Architecture	Examples	Best for	Key limitation
Encoder-decoder	T5, BART, mT5	Translation, summarization, structured generation	Higher memory, two forward passes
Decoder-only	GPT-4, Llama, Mistral	General text generation, chat, instruction following	Less efficient for classification
Encoder-only	BERT, RoBERTa	Classification, NER, embedding	Cannot generate text

from transformers import T5ForConditionalGeneration, T5Tokenizer

model = T5ForConditionalGeneration.from_pretrained("t5-base")
tokenizer = T5Tokenizer.from_pretrained("t5-base")

# T5 uses task-prefix prompting
input_text = "summarize: The stock market fell sharply today amid concerns about inflation."
inputs = tokenizer(input_text, return_tensors="pt", max_length=512, truncation=True)

# Encoder processes input, decoder generates summary
outputs = model.generate(**inputs, max_new_tokens=100, num_beams=4, early_stopping=True)
print(tokenizer.decode(outputs[0], skip_special_tokens=True))

T5's text-to-text formulation unifies all NLP tasks under a single architecture by framing every task as a string-to-string transformation. Classification tasks become generation tasks with class labels as target strings, question answering becomes generation conditioned on the question and context, and translation becomes generation in the target language. This unification simplifies multi-task learning because all tasks share the same loss function (cross-entropy on output tokens) and the same training loop, enabling a single fine-tuning job to improve performance across multiple tasks simultaneously rather than training separate task-specific heads.

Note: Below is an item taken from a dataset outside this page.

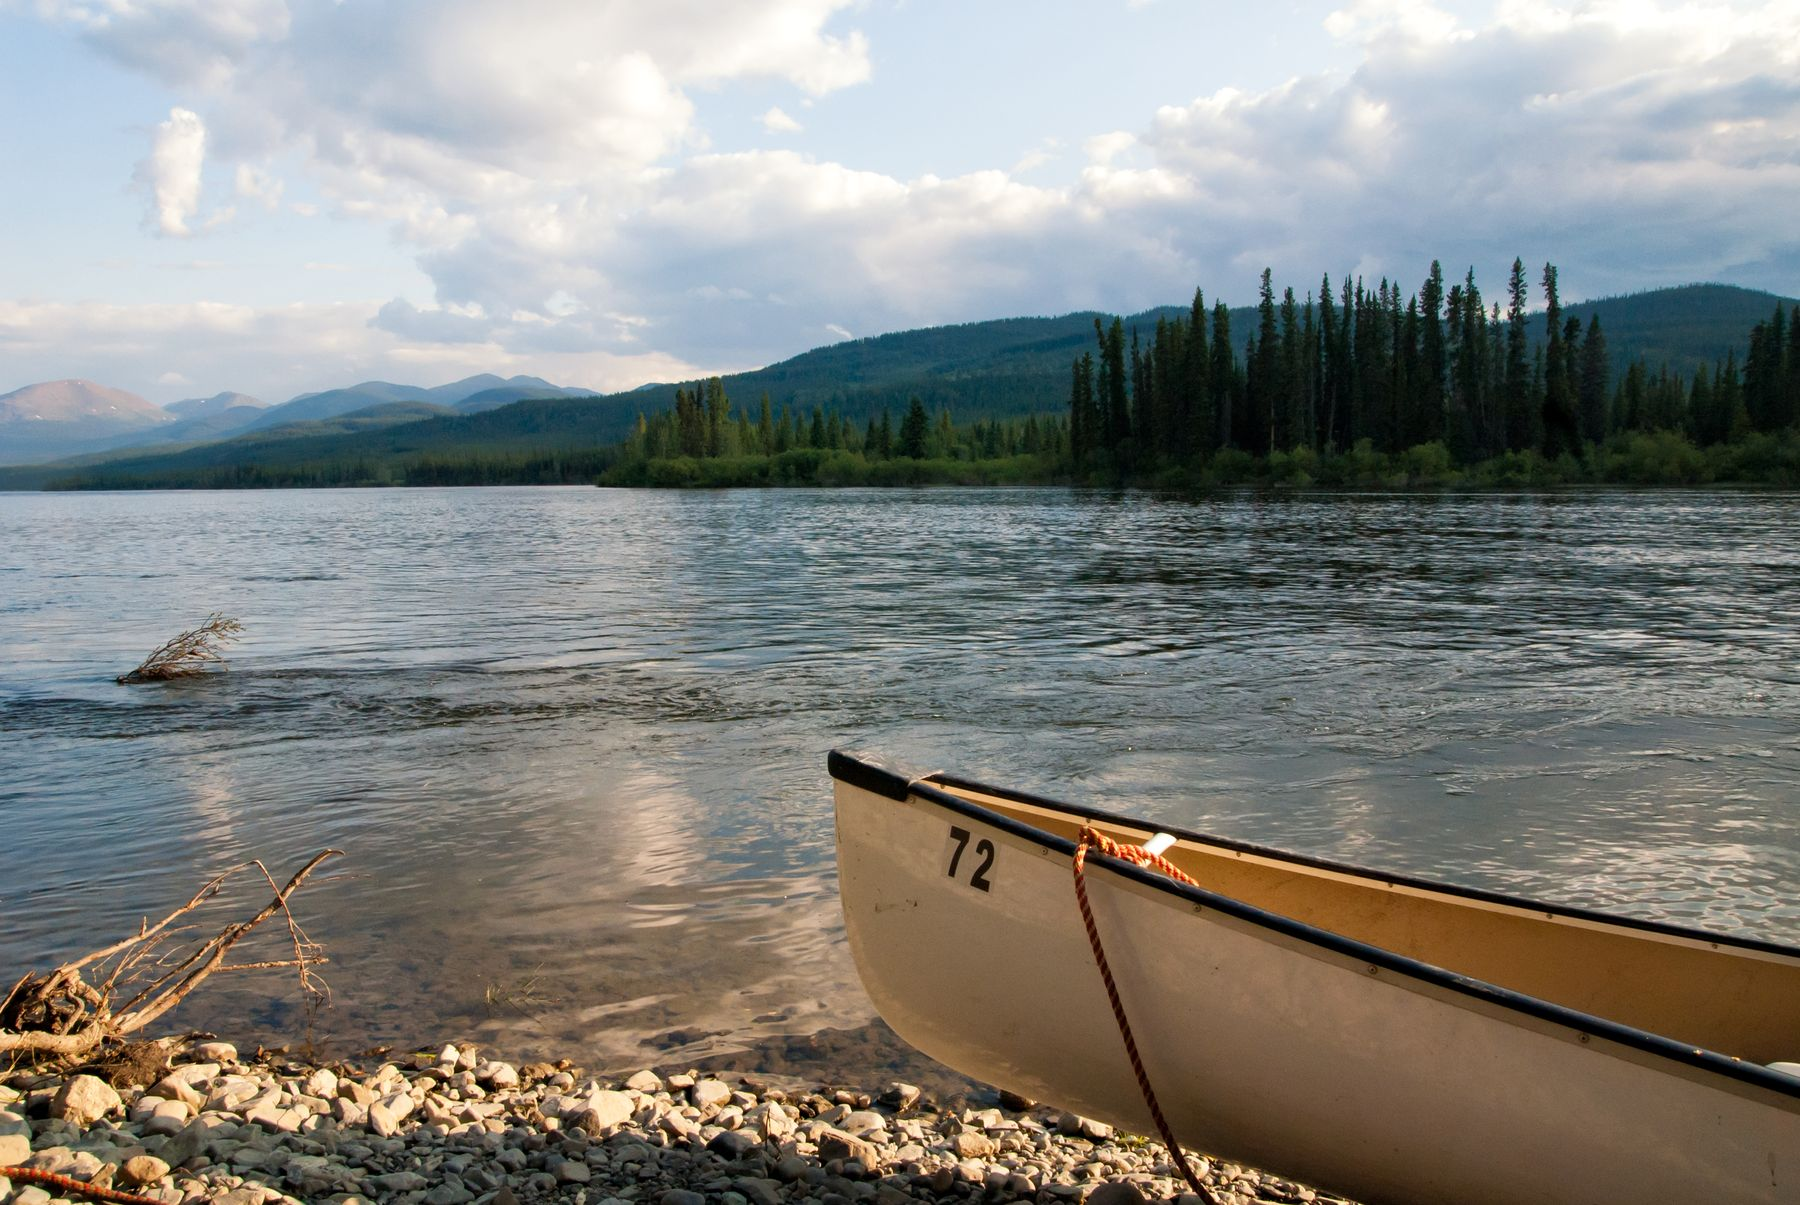 a canoe on the Yukon River

BART's denoising pre-training involves corrupting input text with various noise functions — token masking, token deletion, sentence permutation, text infilling — and training the model to reconstruct the original text. This denoising objective makes BART particularly well-suited for text generation tasks that involve transformation of noisy or partial input, including document summarization from partial information, dialogue generation from sparse context, and question generation from passages. Fine-tuned BART models for summarization held state-of-the-art positions on CNN/DailyMail benchmarks for an extended period, establishing the effectiveness of denoising pre-training for abstractive summarization.

Conditional generation quality with encoder-decoder models benefits from beam search decoding, which maintains a set of partial hypotheses at each generation step and selects the globally highest-scoring complete sequence. Beam widths of 4–6 typically provide most of the quality improvement over greedy decoding with acceptable latency overhead for summarization and translation tasks. Length penalty parameters control the tendency of beam search to prefer short sequences — increasing the length penalty (alpha > 1.0) encourages longer outputs, which is important for tasks requiring comprehensive summaries rather than concise extractions.

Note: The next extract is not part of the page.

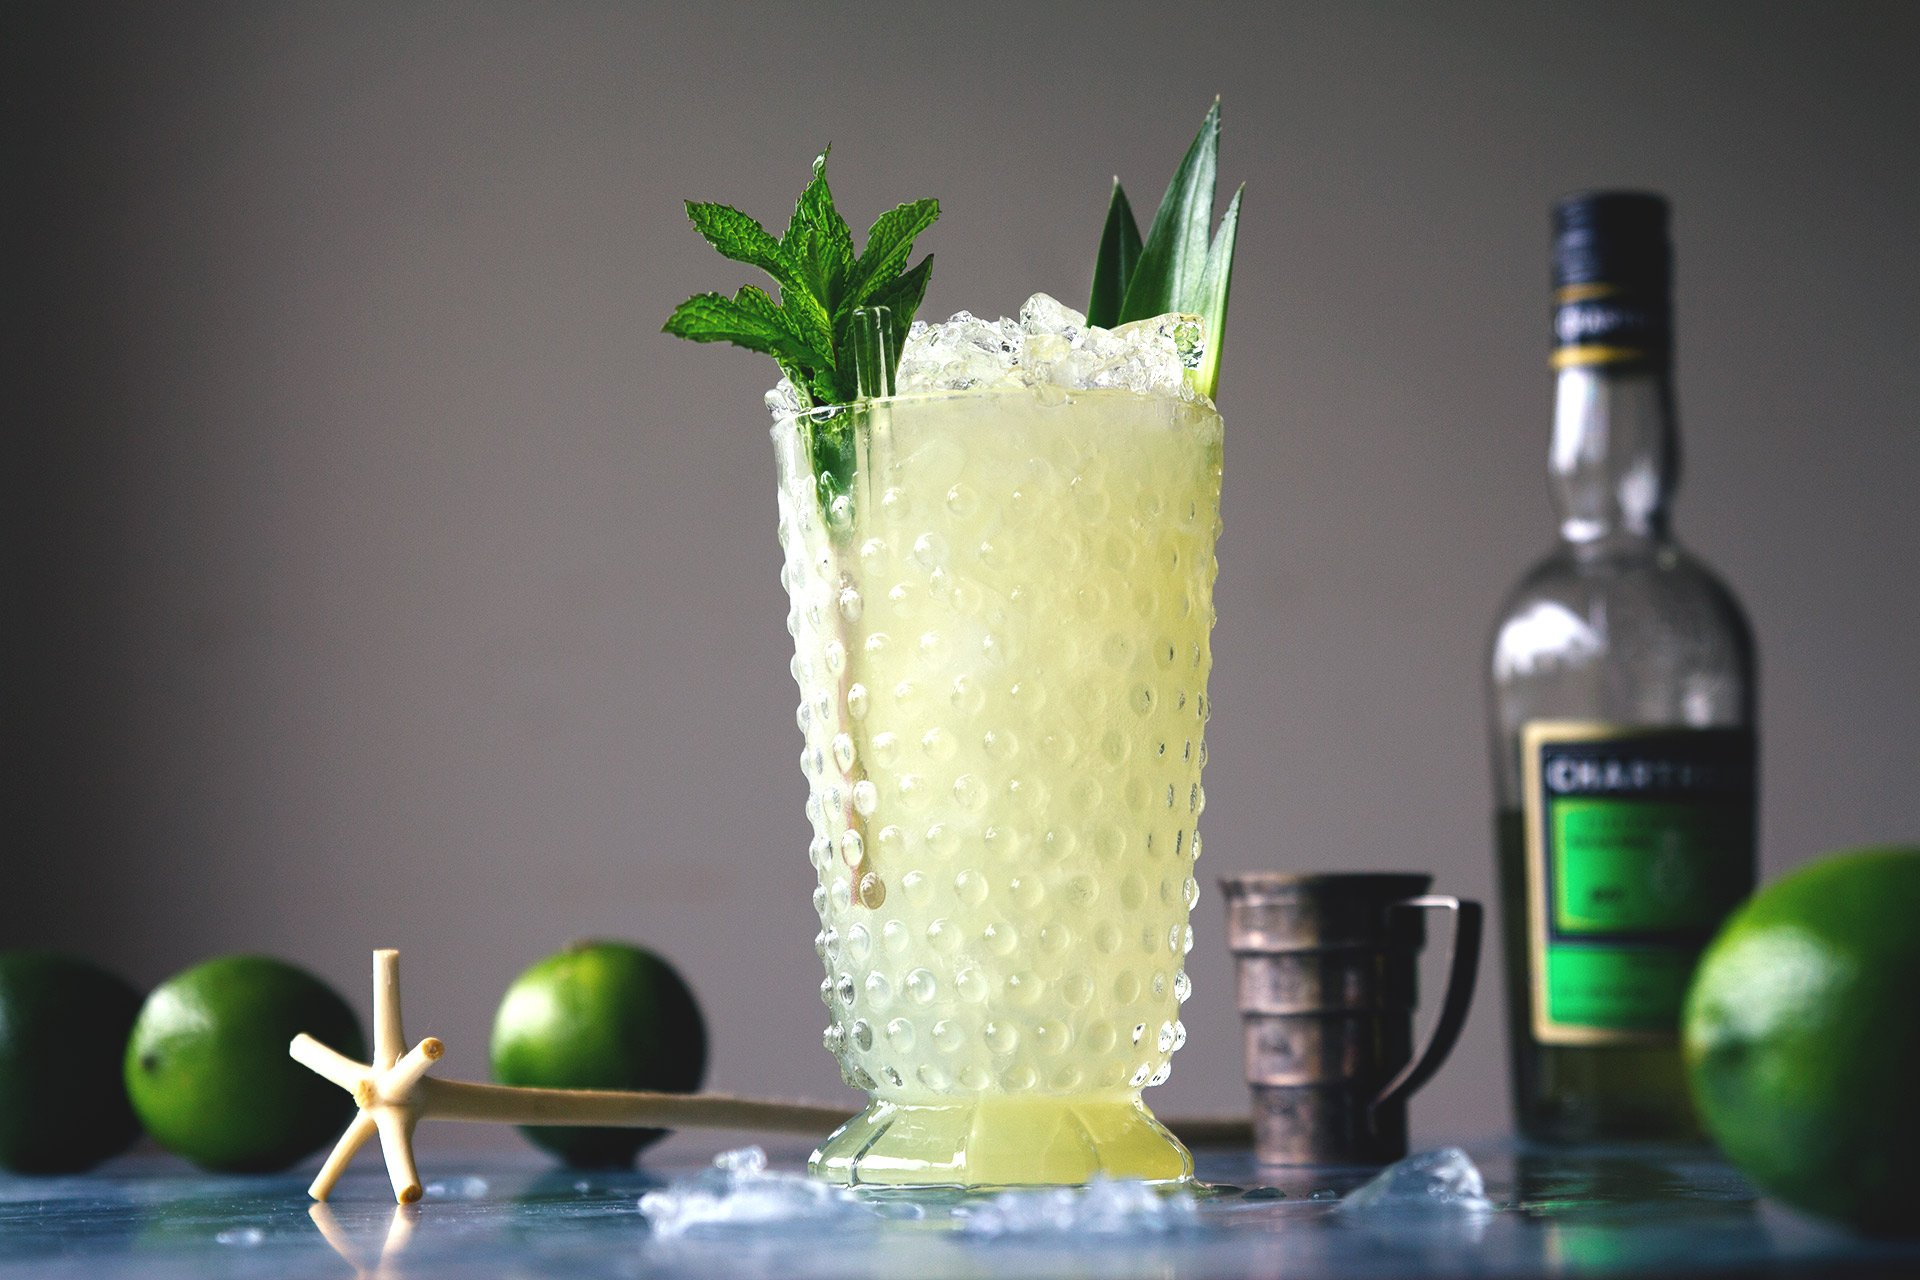 Chartreuse Swizzle | HonestlyYUM (honestlyyum.com)

Encoder-decoder model serving in production requires managing two separate execution phases — the encoder pass and the autoregressive decoder pass — which have different computational profiles. The encoder processes the full input in a single parallel pass, well-suited to batching multiple requests together. The decoder generates tokens autoregressively, with each step conditioned on all previous tokens, making it less efficient to batch than the encoder phase. Efficient encoder-decoder serving frameworks cache the encoder output (the key-value representations of the source sequence) and reuse it across all decoder steps, avoiding redundant re-encoding for each generation step.

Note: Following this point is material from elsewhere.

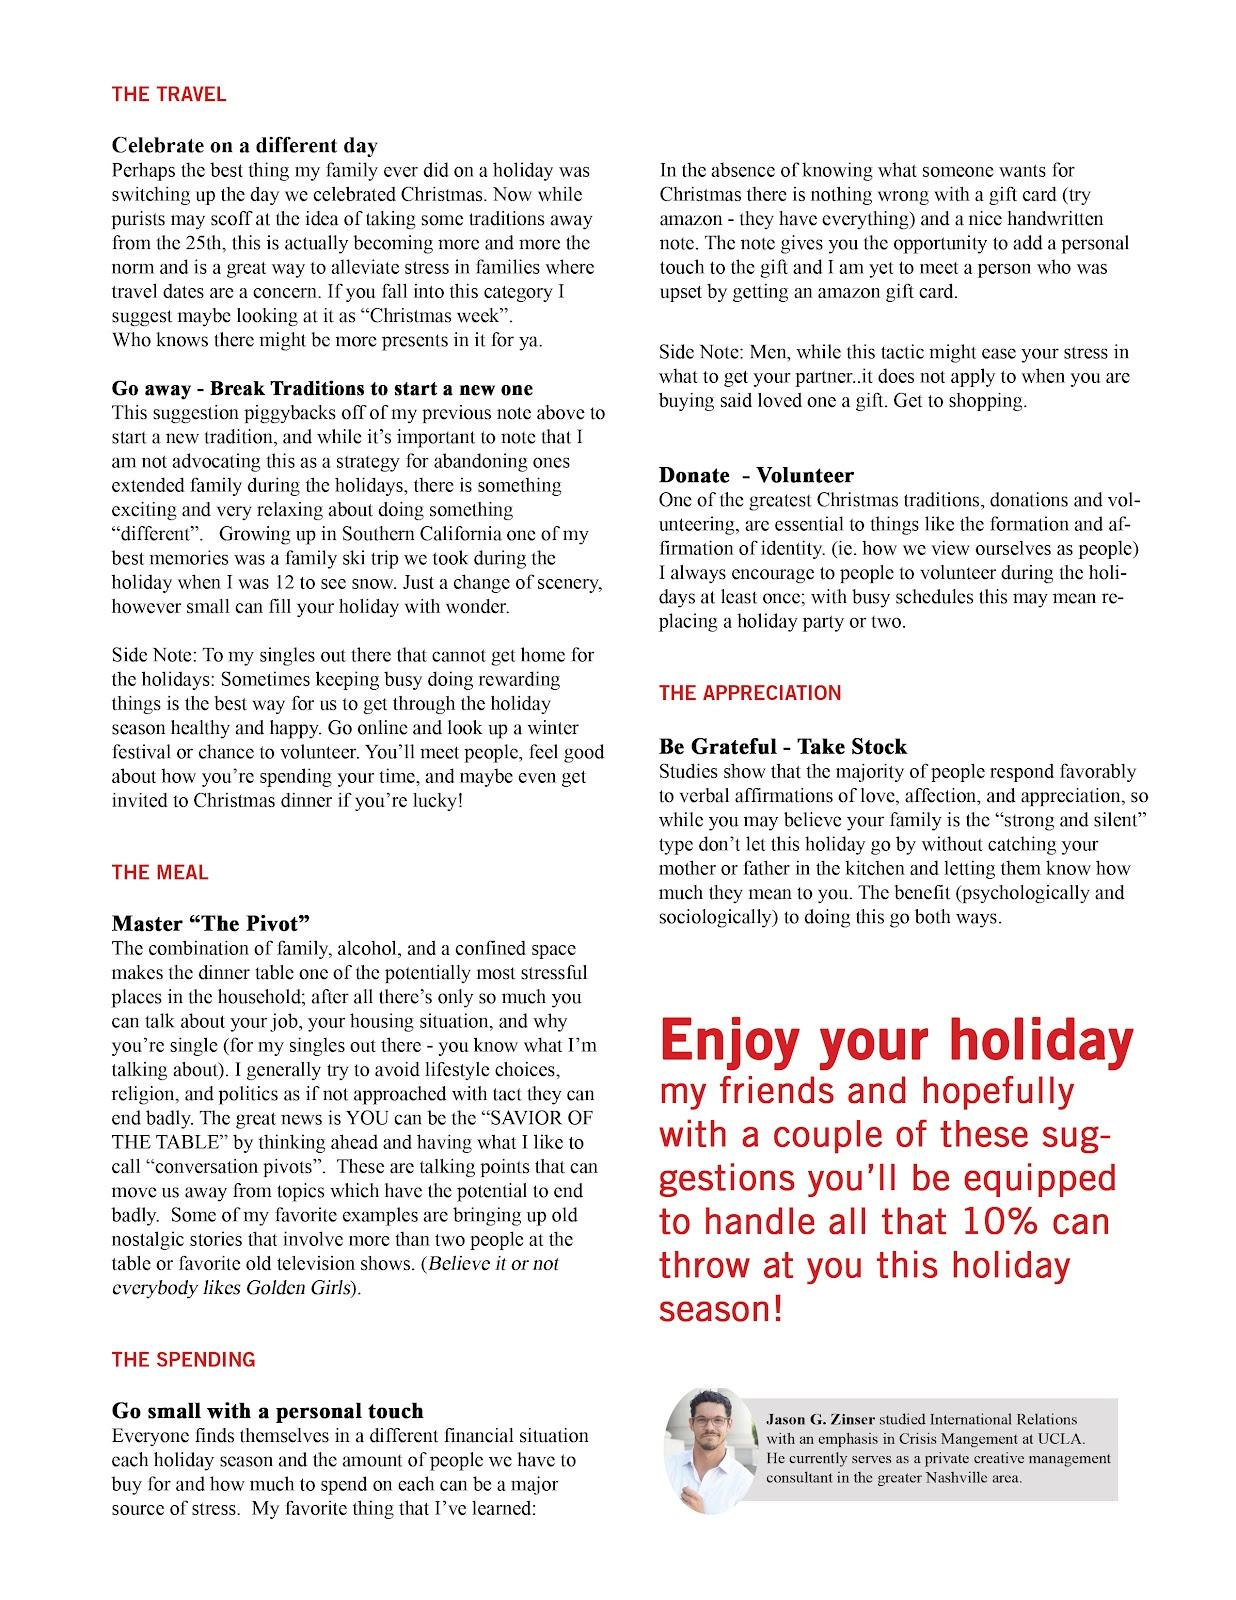 Plan Before Christmas page2.jpg

mT5, the multilingual T5 variant, extends the text-to-text framework to 101 languages with a shared vocabulary of 250,000 sentencepiece tokens. Cross-lingual fine-tuning of mT5 on English task data transfers surprisingly effectively to other languages due to the shared representation space established during multilingual pre-training. For organizations handling documents in multiple languages without the resources to collect task-specific training data in every language, mT5 provides a practical foundation model that can be fine-tuned on English examples and deployed for cross-lingual inference with acceptable quality on the other supported languages.